Read M7/M10 where I wrote M6/M7.
Note that you connected the M7 gate net to the M10 gate and body nets on your implemented circuit.

Thanks again.
I am attaching a simulations of input voltage from 0 to VDD with and without M10.
No difference is seen in the output voltage for dc input, and for ac the output voltage more accurate without m10.
Can you tell me for which input voltages the circuit will not work without m10?
since you have all the simulations, can you tell me what pulls the gate of M2 low and the gate of M10 high right after your clock goes high?

since you have all the simulations, can you tell me what pulls the gate of M2 low and the gate of M10 high right after your clock goes high?
During track mode, ’sn’ is high and transistor M7 turns on. as a result, transistor M2 opens and forces Vdd on transistor M5 gate, consequently, the positive plate of the MOS capacitor connects to the gate of M0 (same gate like M10) and the negative plate connects to the input voltage so its gate potential is equal to the source voltage plus the supply voltage (Vdd). Thus, the Vgs of transistor M0 is equal to Vdd, and, therefore, its resistance, is independent of the input voltage.

Read M7/M10 where I wrote M6/M7.
Note that you connected the M7 gate net to the M10 gate and body nets on your implemented circuit.

View attachment 179743
'sn' push M7 gate, I connected only the bulks of M7, M10 to gnd.

During track mode, ’sn’ is high and transistor M7 turns on. as a result, transistor M2 opens and forces Vdd on transistor M5 gate, consequently, the positive plate of the MOS capacitor connects to the gate of M0 (same gate like M10) and the negative plate connects to the input voltage so its gate potential is equal to the source voltage plus the supply voltage (Vdd). Thus, the Vgs of transistor M0 is equal to Vdd, and, therefore, its resistance, is independent of the input voltage.
From your simulation, if I see this correctly you don't have Vgs of Vdd on M0. Could there be a problem on node Cap_p shouldn't it go higher Vdd+vin and not only as in your simulation to around 5.6 V.

During track mode, ’sn’ is high and transistor M7 turns on. as a result, transistor M2 opens and forces Vdd on transistor M5 gate, consequently, the positive plate of the MOS capacitor connects to the gate of M0 (same gate like M10) and the negative plate connects to the input voltage so its gate potential is equal to the source voltage plus the supply voltage (Vdd).

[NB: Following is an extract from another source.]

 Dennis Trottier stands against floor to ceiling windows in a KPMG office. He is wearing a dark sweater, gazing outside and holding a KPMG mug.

Thus, the Vgs of transistor M0 is equal to Vdd, and, therefore, its resistance, is independent of the input voltage.

'sn' push M7 gate, I connected only the bulks of M7, M10 to gnd.

So, you are confirming what I said in my first comment in #2 that right after sn goes high it is the M7 that pulls down the gate of M2, after which M10 takes over.
Now, if you remove M7, what will pull the gate of M2 down initially?

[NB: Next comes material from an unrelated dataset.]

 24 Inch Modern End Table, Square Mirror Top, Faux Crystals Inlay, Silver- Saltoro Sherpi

From your simulation, if I see this correctly you don't have Vgs of Vdd on M0. Could there be a problem on node Cap_p shouldn't it go higher Vdd+vin and not only as in your simulation to around 5.6 V.
From the theoretical analysis there should indeed be Vin+Vdd at the gate of M0, but in practice there is a voltage drop as a result of charges that open M5, M0 or leak through M3.

So, you are confirming what I said in my first comment in #2 that right after sn goes high it is the M7 that pulls down the gate of M2, after which M10 takes over.
Now, if you remove M7, what will pull the gate of M2 down initially?
I agree that M7 is critical to circuit function. I opened the discussion regarding the role of M10. I think M7 alone can do the trick. (The simulations are also with and without M10)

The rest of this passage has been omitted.